Should the mobile sports betting provision be struck down in court, the compact contains a severability clause that relieves the tribe of paying the “full guaranteed minimum compact term payment,” or an annual sum of $50 million. Under that scenario, the remainder of the compact would remain in effect minus the section on mobile sports wagering. Florida House Speaker Chris Sprowls contemplated the possibility in May when he told reporters that Floridians would receive the “benefit of the bargain,” of continued revenue-sharing payments from the tribe, but would lose $50 million a year from mobile sports betting.
The initiative proposal
While the courts sort out how to move forward, another challenge to Seminole gaming continues to brew. A band of operators, led by DraftKings and FanDuel, announced in June it was moving forward with a ballot referendum that would open up digital wagering to commercial operators and would not require bets to be run through the Seminole server. The proposal would allow the Seminoles to continue to operate, but would create a more open, competitive marketplace by opening the door for certain stand-alone digital platforms.

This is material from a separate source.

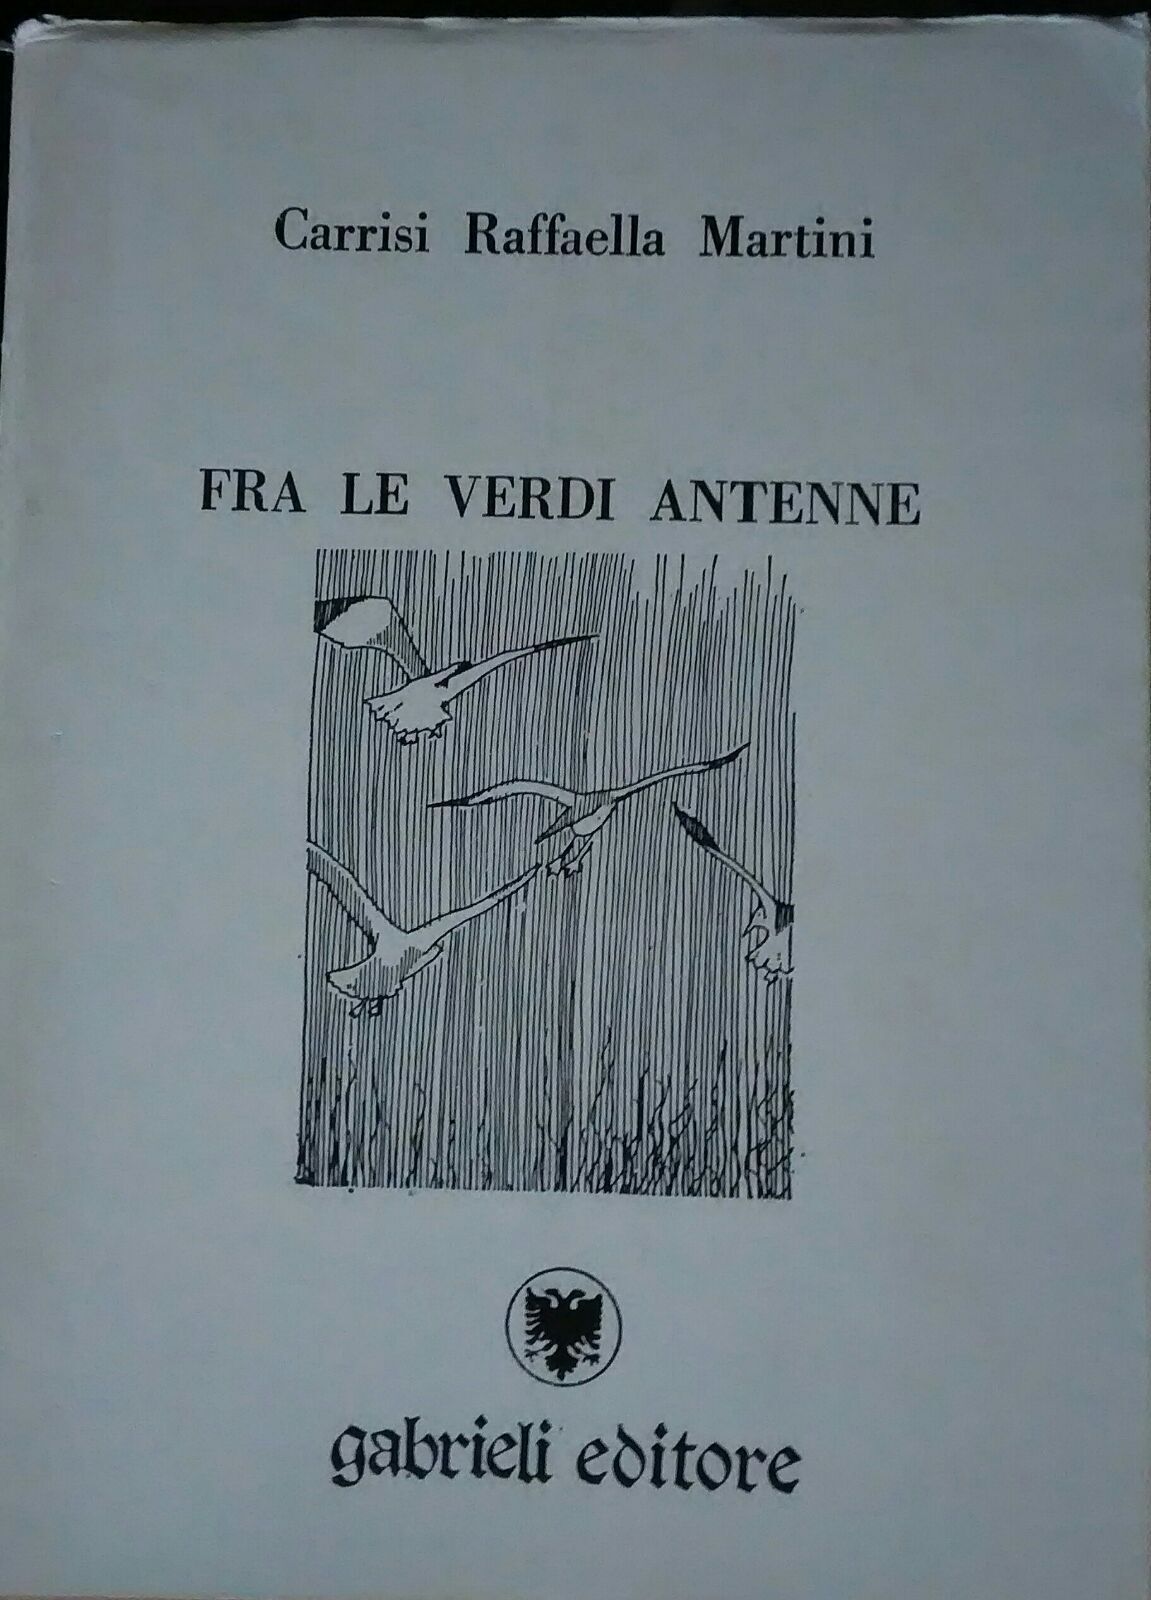 fra le verdi antenne-Carrisi Raffaella Martini,1989, Gabrieli editore - S

In Florida, a proposed ballot initiative needs 891,589 verified signatures to get on the ballot, and those signatures must be turned in by the beginning of January. According to Florida Education Champions, the political committee running the campaign, it had collected more than 350,000 signatures as of Monday. Not all have been verified — the Department of Elections website shows 66,769 verified — but the 350,000 signatures are nearly 120,000 more than the committee had collected by late September.
The group continues to go door-to-door, use direct mail, run digital ads, and solicit signatures at sporting events across the state. DraftKings and FanDuel staked the campaign with $20 million.